Diberdayakan oleh Blogger.
Home » » Kenapa Aku Harus Berjuang Sementara Perubahan Tak Kunjug Datang

Kenapa Aku Harus Berjuang Sementara Perubahan Tak Kunjug Datang

Written By Iji Jaelani on Sabtu, 30 Januari 2016 | 08.00

Sebuah Catatan Kegelisahan 


aksi mahasiswa, catatan mahasiswa,iji jaelani
foto aksi massa di UIN Bandung 2011

Terkadang aku berpikir kenapa aku harus terus berjuang
Di saat para aparat korupsi semakin meajalela dan menjadi jadi, para mavia melakukan penyimpangan peraturan penuh konspirasi, para pemuda pasrah menatap masa depan penuh frustasi, para awak media mempelintir keadaan, para mahasiswa lupa diri, menghabiskan bangku sekolah dengan kesilapan penuh kenyamanan yang sesaat kemudian berubah menjadi tragedi pada jeruji pekerjaan dengan modal selembar ijazah tanpa kualitas yang jelas.

Bersama kawan kawan aku berteriak, perpekik panas dan kadang menguras waktu dan tenaga, masuk ke lorong-lorong jalanan, menyaksikan pedihnya anak funk dan tukang asongan, para pedagang kaki lima yang saban hari saban berdesak mencari penghidupan, tukang becak, tuna wisma,  para pengemis bertaburan.

Sesekali masuk merangsek ring ring kawat berduri, sesekali berkumpul bersama para intel kodim, para birokrat, merangsek tulisan di surat kabar dan koran memengaruhi kebijakan, bersama-sama mendampingi sawah  tergusur bersama bendungan, bersama iringan pasukan yang saban hari saban berganti, bergerus tenaga dengan materi hingga modal tersisa tinggal keberanian, nyawa, dan inspiasi.

Sementara tunas baru tumbuh, orang lama malah layu hilang berganti. Rezim beganti-ganti. Tapi perubahan tetap itu itu juga, berada pada lingkaran sistem akrobat yang sama. Para pedagang dan kaum miskin kota tetap saja bergeliat menghabiskan sisa umurnya dengan tawakal dan kerja seadanya. Para buruh pabrik saling sikut bekerja mengejar promosi, buruh negara bekerja melakukan program dalam rangka menghabiskan uang negara,  saling hujat kadang menjilat mengejar kursi istana.

Sementara para pengkhotbah, para aktivis, para pegiat hukum dan keailan dilanda dilema antara keyakinan menyuarakan keadilan, berhadapan dengan kenyataan lupa bahwa perut telah lama tak diisi selain rokok dan secangkir kopi.

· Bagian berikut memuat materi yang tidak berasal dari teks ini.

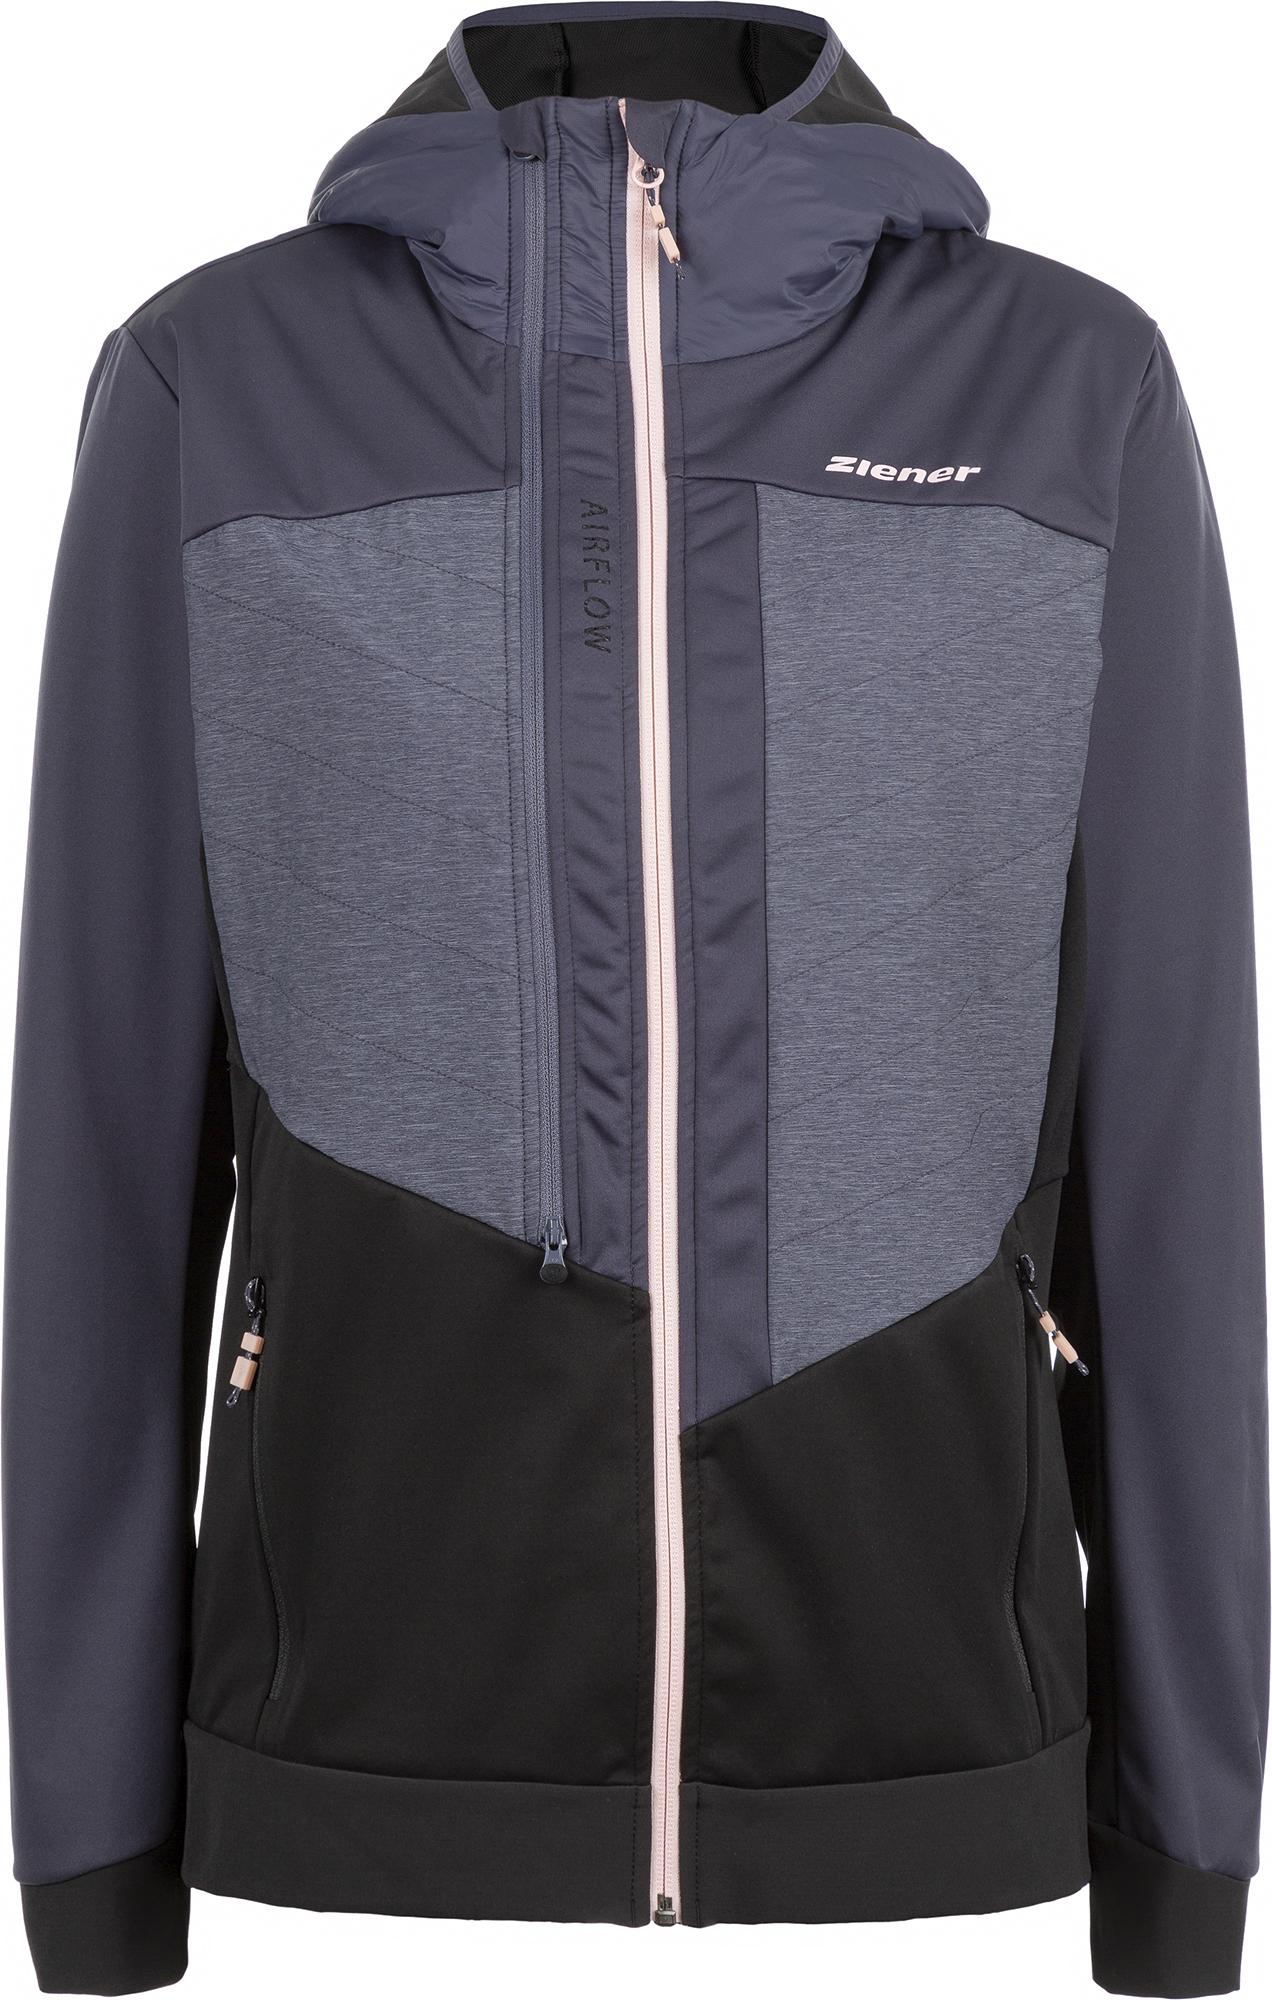 Ziener Куртка утепленная женская Ziener Neta, размер 44

Menyuarakan keadilan kepada sesama, penghidupan sendiri tak terlaksana.

Sebagian konsisten meskipun diasingkan atau hidup pas-pasan. Sebagian main mata dengan para pembuat kebijakan. Sebagian bersuara lantang, sebagian lagi diam mencari aman, sebagian lagi malah melacur untuk sekedar mengisi sesuai nasi hari ini dan sebongkah kekecewaan atas petentangan dasar manusia yang tak terhindarkan sebagai sabab musabab masalah yang ada, semenjak perebutan sumber ekonomi, perebutan relasi politik, perebutan nilai-nilai pembenaran atas berbagai kepentingan.

Mungkin. Mungkin itulah kegelisahan yang layak diutarakan saat perubahan tak kunjung terang. Bahkan hingga satu titik ekstrim berkata, untuk apa terus dalam barisan saat semua kebutuhan tercukupi, untuk apa memekikkan nilai kemanusiaan yang kini berada dalam museum kata-kata usang, untuk apa terus melawan penindasan sementara yang lain mengunting dalam lipatan untuk memupuk kekayaan.

Tapi pertanyaan itu pula akan sebanding dengan kenyataan kenapa aku dilahirkan? Kenapa aku diberikan kesadaran? Dan kenapa aku diberikan bola mata untuk melihat, telinga untuk mendengar, dan anggota badan untuk melakukan gerakan, dan nurani untuk merasakan bahwa itu semua adalah titipan, sekaligus penebus atas nikmat kenapa aku diberikan kebahagiaan melihat dunia penuh kemerdekaan. Saat terlahir dengan senyuman, mungkin saat itulah perjuangan atas hak-hak terrampas, kedilan tergilas, kemanusiaan yang kandas, menjadi penebus kenapa aku harus mati dengan senyuman sebagai martir yang dikirimkan Tuhan.